Immersion cooling effects on internal parameters of lithium-ion battery: Experimental and optimization approach

Publications

Immersion cooling effects on internal parameters of lithium-ion battery: Experimental and optimization approach

Year : 2025

Publisher : Elsevier Ltd

Source Title : Journal of Energy Storage

Document Type :

Abstract

Accurate estimation of internal parameters in lithium-ion batteries is essential to develop reliable battery model, ensure safety and performance. This study presents a comprehensive approach to identify the parameters of a second-order equivalent circuit model by integrating experimental testing with advanced optimization techniques. To create a robust dataset, Open Circuit Voltage and Hybrid Pulse Power Characterization tests are conducted under two thermal conditions: natural-cooled and immersion-cooled. These experiments are carried out under three different C-rates: low, medium, and high, to capture the dynamic response under varying loads and temperatures of the battery. The battery parameters are optimized with the Harris Hawks Optimization (HHO) algorithm, aiming to reduce the error between the simulated and measured terminal voltages.
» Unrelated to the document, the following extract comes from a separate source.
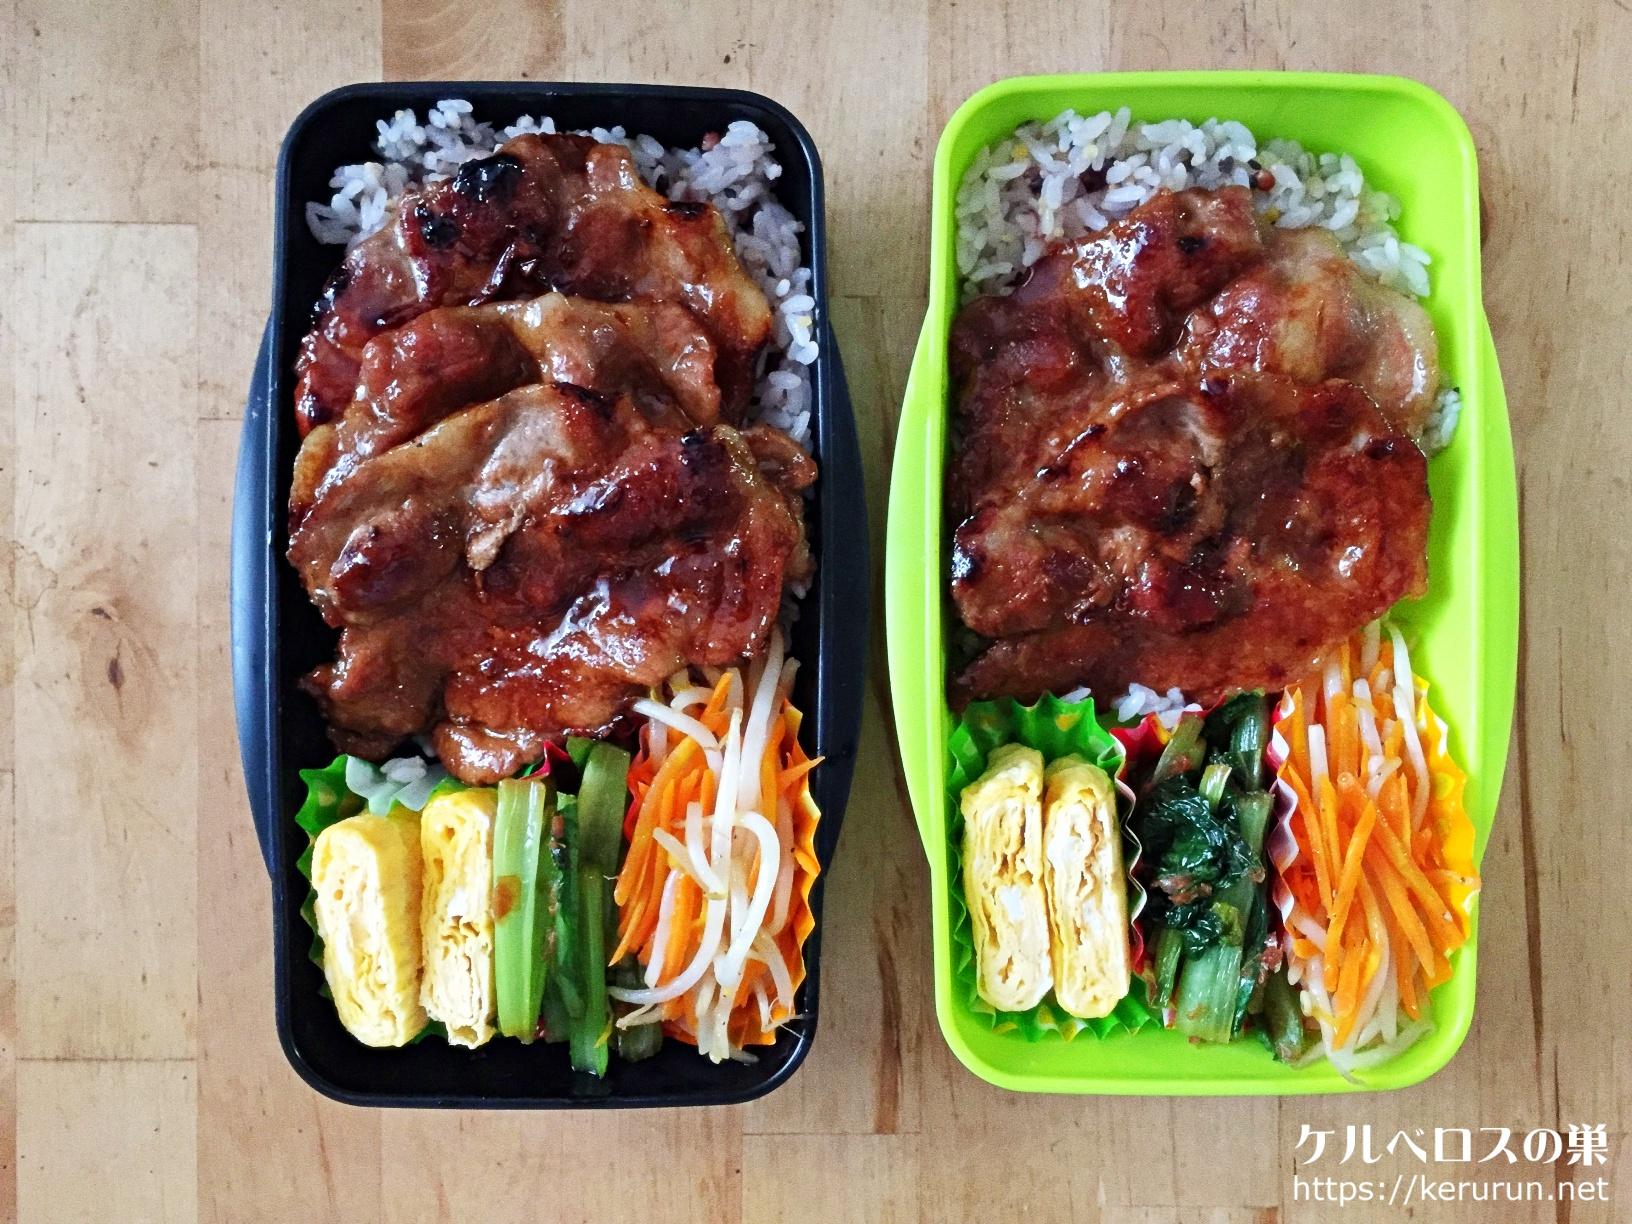 「十勝豚丼のたれ」で作る豚丼弁当

Model validation was performed by comparing voltage outputs before and after optimization, in terms of root mean square error (RMSE), mean absolute error, and maximum error. Furthermore, the proposed method was benchmarked in contrast to optimization algorithms, such as Particle Swarm Optimization, Cuckoo Search Algorithm (CSA), and Improved CSA. In comparison to listed optimization algorithms, HHO offers faster convergence and robust to initial parameter guesses. However, existing methods, including PSO and Cuckoo Search, often suffer from premature convergence, sensitivity to initial conditions, and high computational costs, limiting their accuracy for complex dynamics of the battery. The HHO-based model achieved the lowest RMSE value of 0.06% under natural-coolant conditions, which highlights the effectiveness in the parameter estimation. This work demonstrates the significance of thermal management using HHO as a promising tool to enhance the accuracy in parameter estimation of the battery model.